Kamisar joined the faculty at the University of San Diego School of Law in 2000 and became a full-time, tenured professor there in 2002; he retired from the faculty in 2011,[2] and is a guest lecturer at the University of Washington School of Law.[2]

Notes

  1. 1.0 1.1 1.2 1.3 1.4 1.5 1.6 1.7 Faculty Biography: Yale Kamisar, University of Michigan Law School.

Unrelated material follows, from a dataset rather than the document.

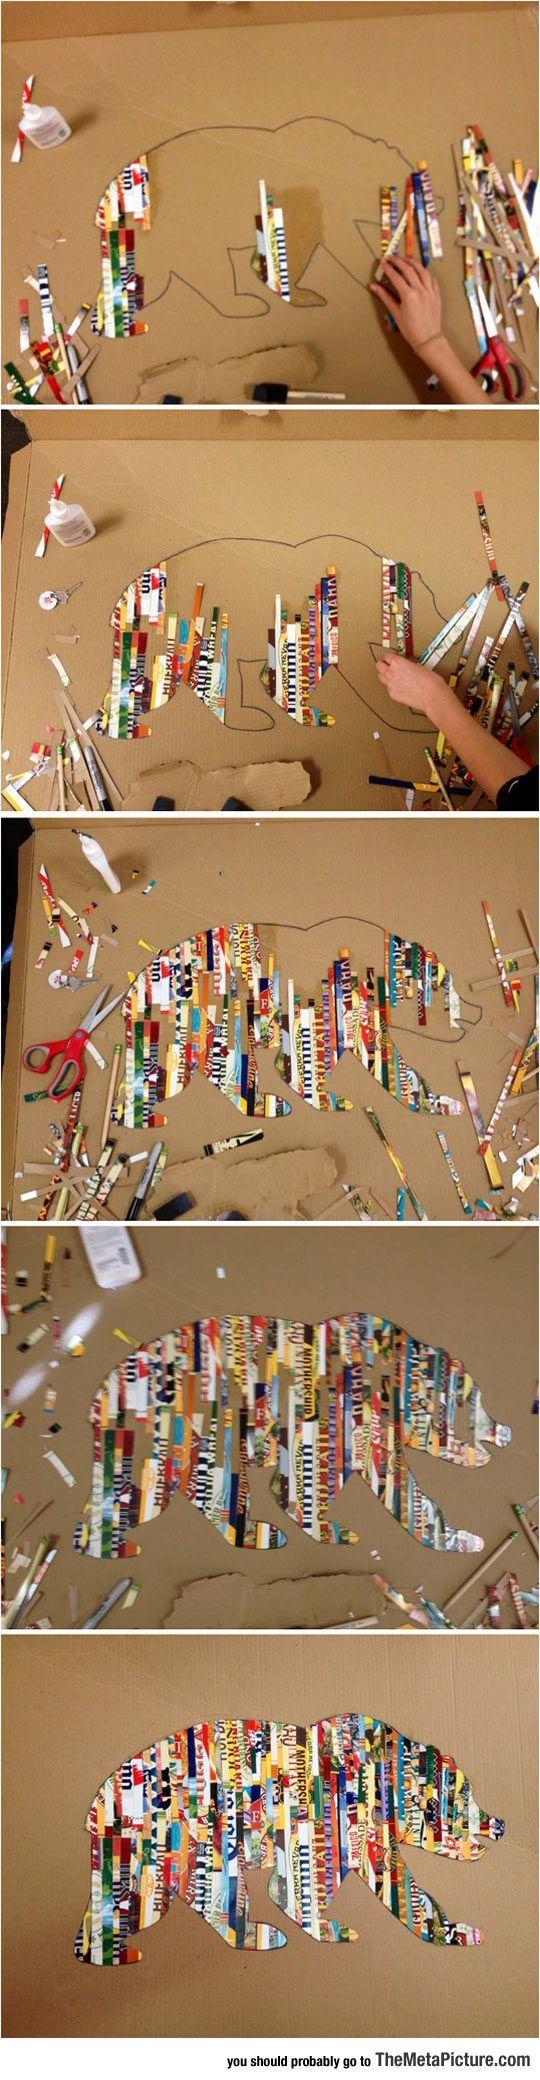 Paper Strip Art #art #cereal #artistic #paper art http://www.adorabo.com/view/paper-strip-art

  2. 2.0 2.1 2.2 2.3 2.4 2.5 Evan Acker, "Father of Miranda" Yale Kamisar Retires (Apr. 27, 2011). Motions Online.
  3. 3.0 3.1 3.2 3.3 Ruth Bader Ginsburg, Tribute to Yale Kamisar, 102 Mich. L. Rev. 1673 (2004).
  4. Harry T. Edwards, Professor Yale Kamisar: "Awesome", 102 Mich. L. Rev. 1677 (2004).
  5. Wayne R. LaFave, "What is a Kamisar?", 102 Mich. L. Rev. 1732 (2004)
  6. Marc Spindelman, Yale, 102 Mich. L. Rev. 1747 (2004).
  7. Jerold H. Israel, Seven Habits of a Highly Effective Scholar, 102 Mich. L. Rev. 1701 (2004)
  8. Eve L. Brensike, Saying Goodbye to a Legend: A Tribute to Yale Kamisar -- My Mentor, Teacher, and Friend, 102 Mich. L. Rev. 1693 (2004),
  9. Welsh S. White, Yale Kamisar: The Enemy of Injustice, 102 Mich. L. Rev. 1772 (2004).
  10. Jeffrey S. Lehman, Yale Kamisar the Teacher, 102 Mich. L. Rev. 1686 (2004).